Wait, "our field" and "the new field"? What fields are those? We were talking about a field defined by the function ϕ(x,t) and thinking about its Lagrangian. We added a term A to the Lagrangian and that was it. What's the "new field"? Why does ϕ(x,t) have an interaction with it? Is A the new field?

> This mechanism of introducing an additional field to make an existing theory gauge invariant is exactly what gives rise to photons in the Standard Model! ‘Rotations’ of the electron field correspond to an additional field, called a gauge field, that behaves exactly the way photons do.

Ok, I guess A is a new field. I can see how it arises, but I'm not sure how you actually get to it

> This derivative doesn’t really make sense if we aren’t using the same coordinate system everywhere

you don't say

> The way we measure our field at x is different than the way we measure it at x+δx, so to get the actual difference, we need to make the field comparable by fixing it up before subtracting it

What is "the way we're measuring it"? I think it's, basically, the coordinate system of the surveyor changes each step, so that's a different "way" of measuring it? I still don't see why changing the coordinate system makes new stuff pop out of the equation

> As a first step, we can expand it: W(x,x+δx)=1−iδxA(x)+O(δx2)

How do you expand it? Are you giving the definition of W(x, x+δx)? How'd you get that? What's O(δx^2)?

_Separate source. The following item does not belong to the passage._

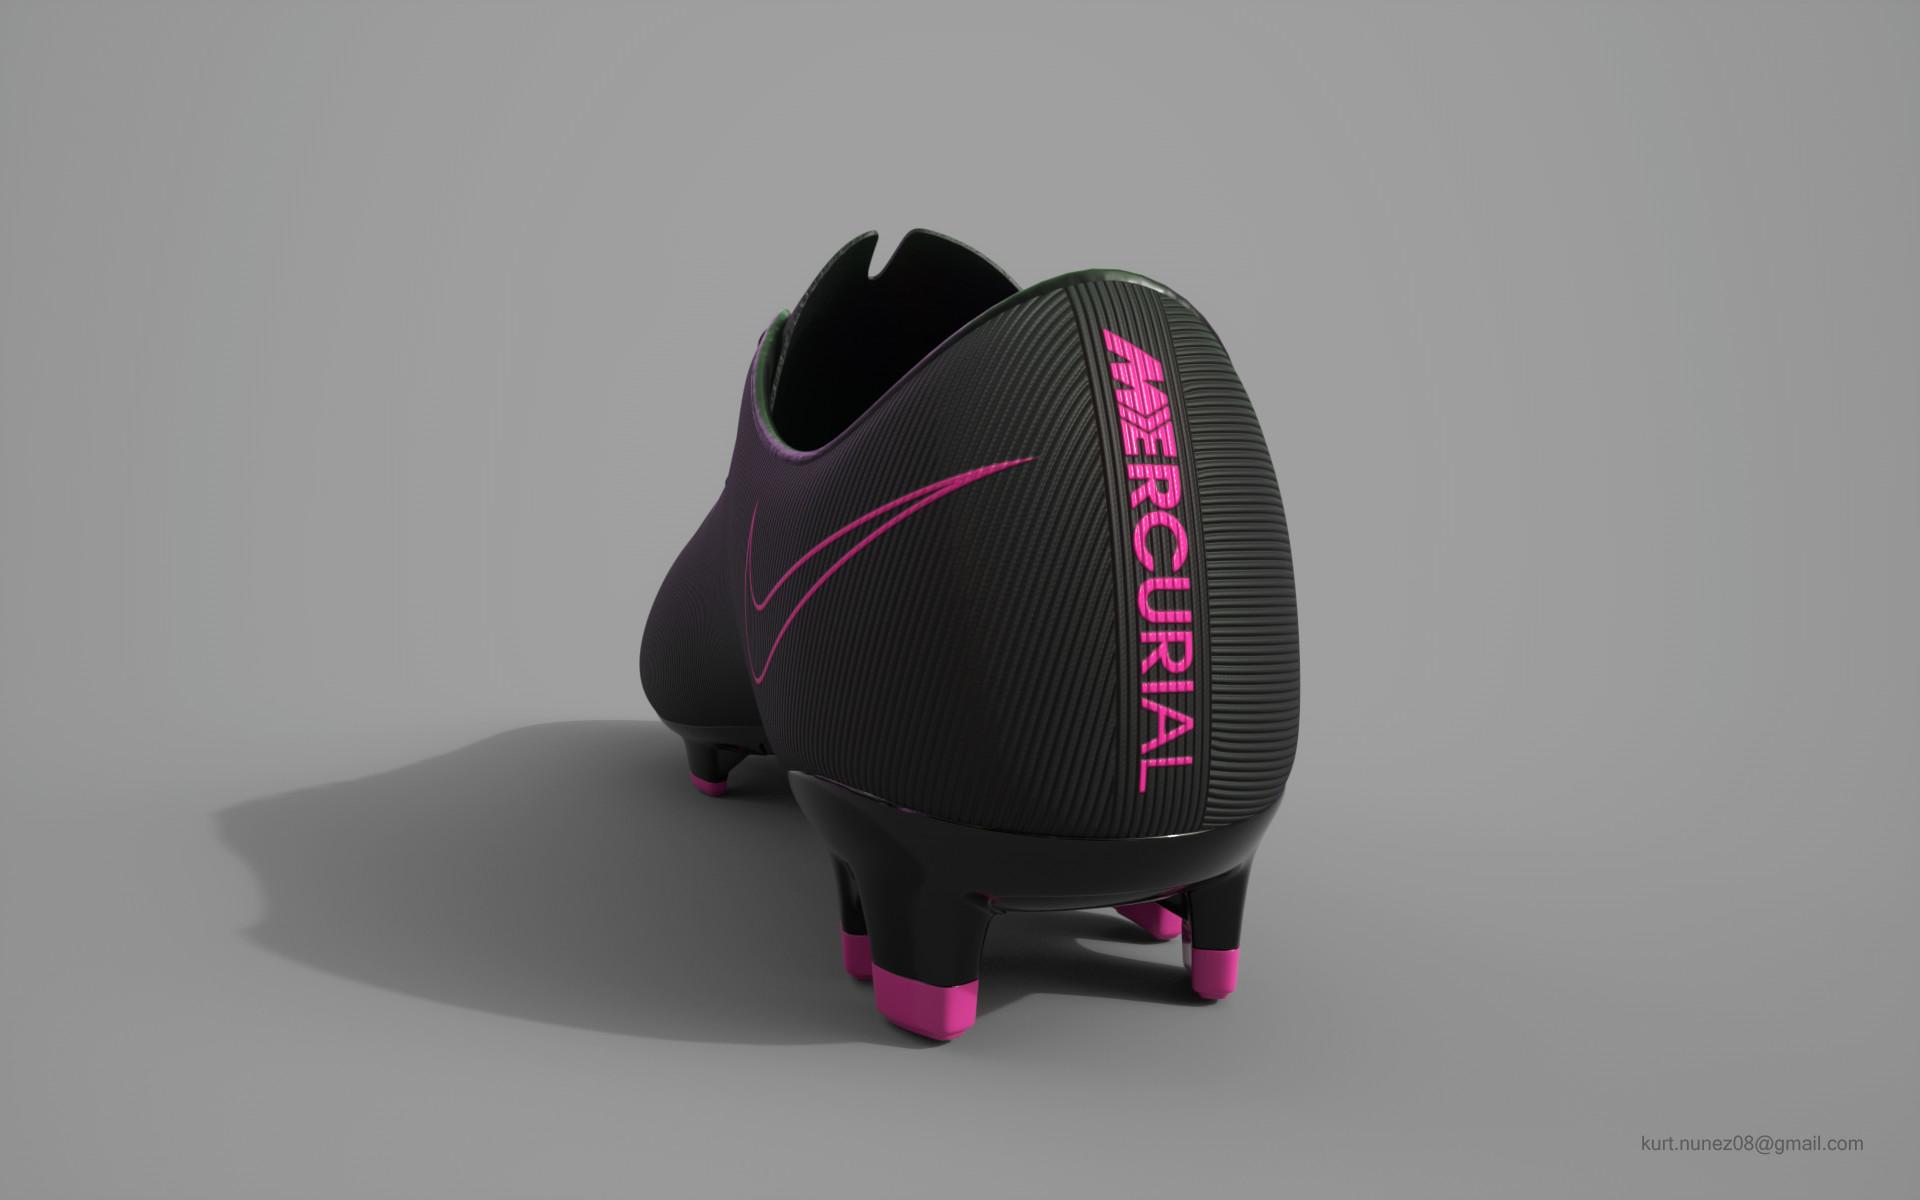 super popular 6346d 1ad40 ArtStation - Mecurial Vapor X 2016 | Nike Shoe, Kurt Nuñez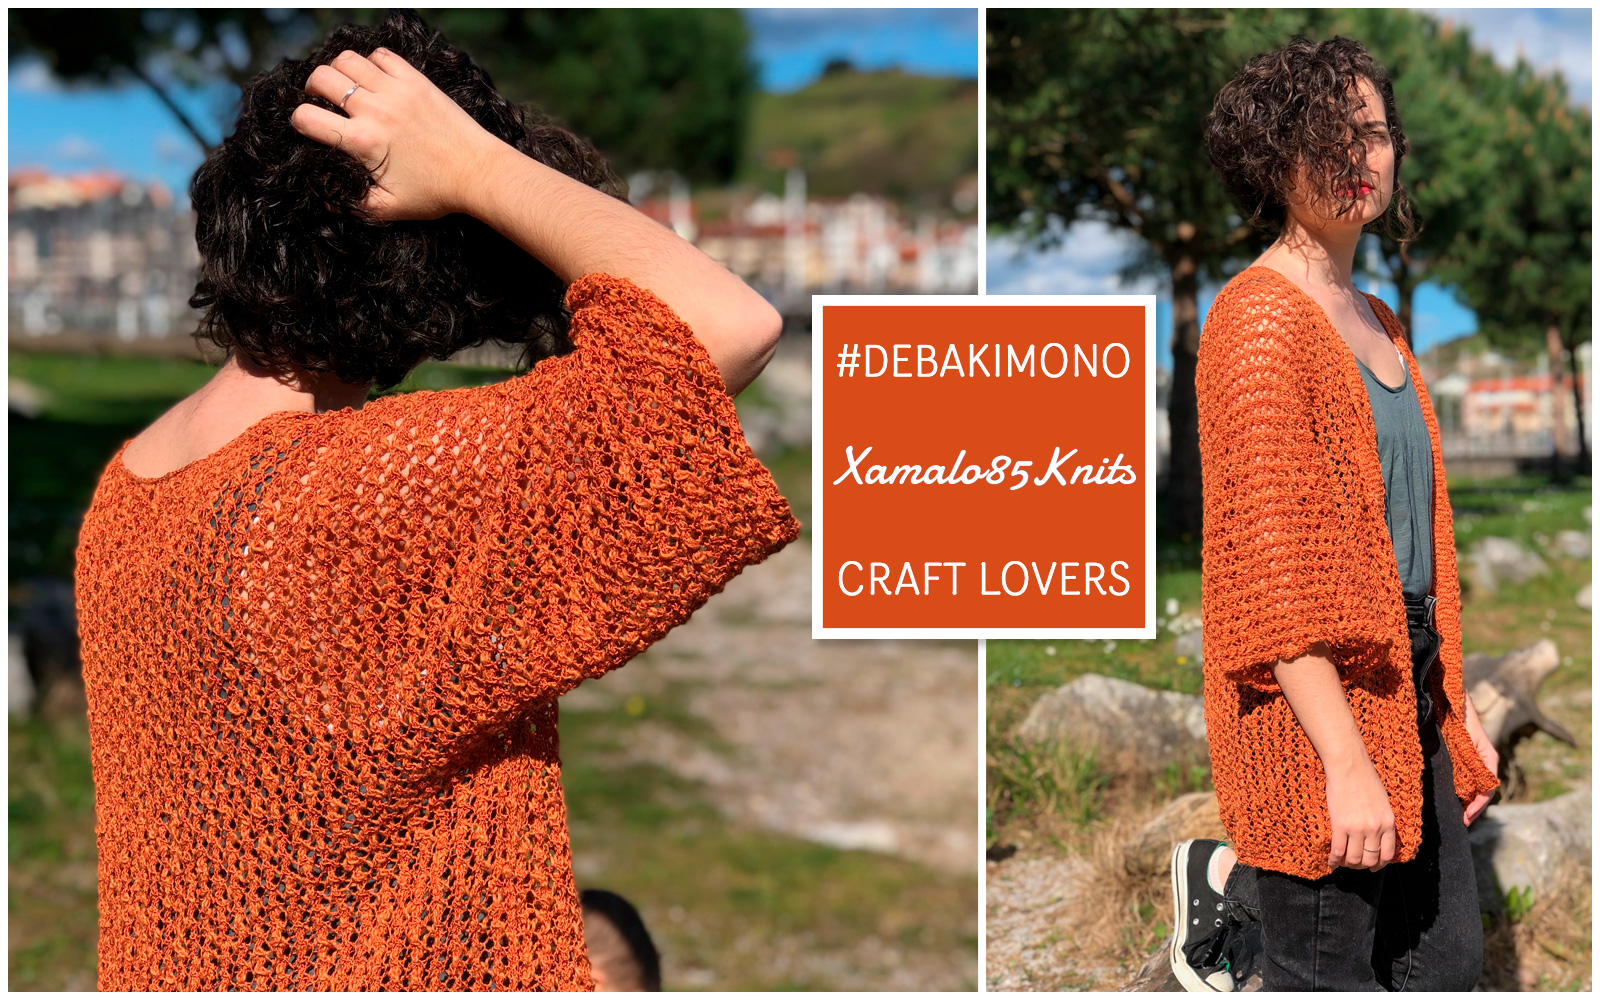 Ana Paula Rimoli Seriously Cute Crochet - Home   Facebook   1000x1600

> A group is a set of elements associated with some operation... What’s important here is that these two sets - the set of rotations, with the operation being composition, and the set of 1×1 complex matrices with the operation being multiplication - have the exact same behavior

Where'd the second set come from? Wait, I see, it's just saying that you can say that "multiplying a number by a 1x1 matrix" is the same thing as saying "you can compose a number with a rotation". It's literally the same thing, just said in a less clear manner. Does the new terminology get us anything useful?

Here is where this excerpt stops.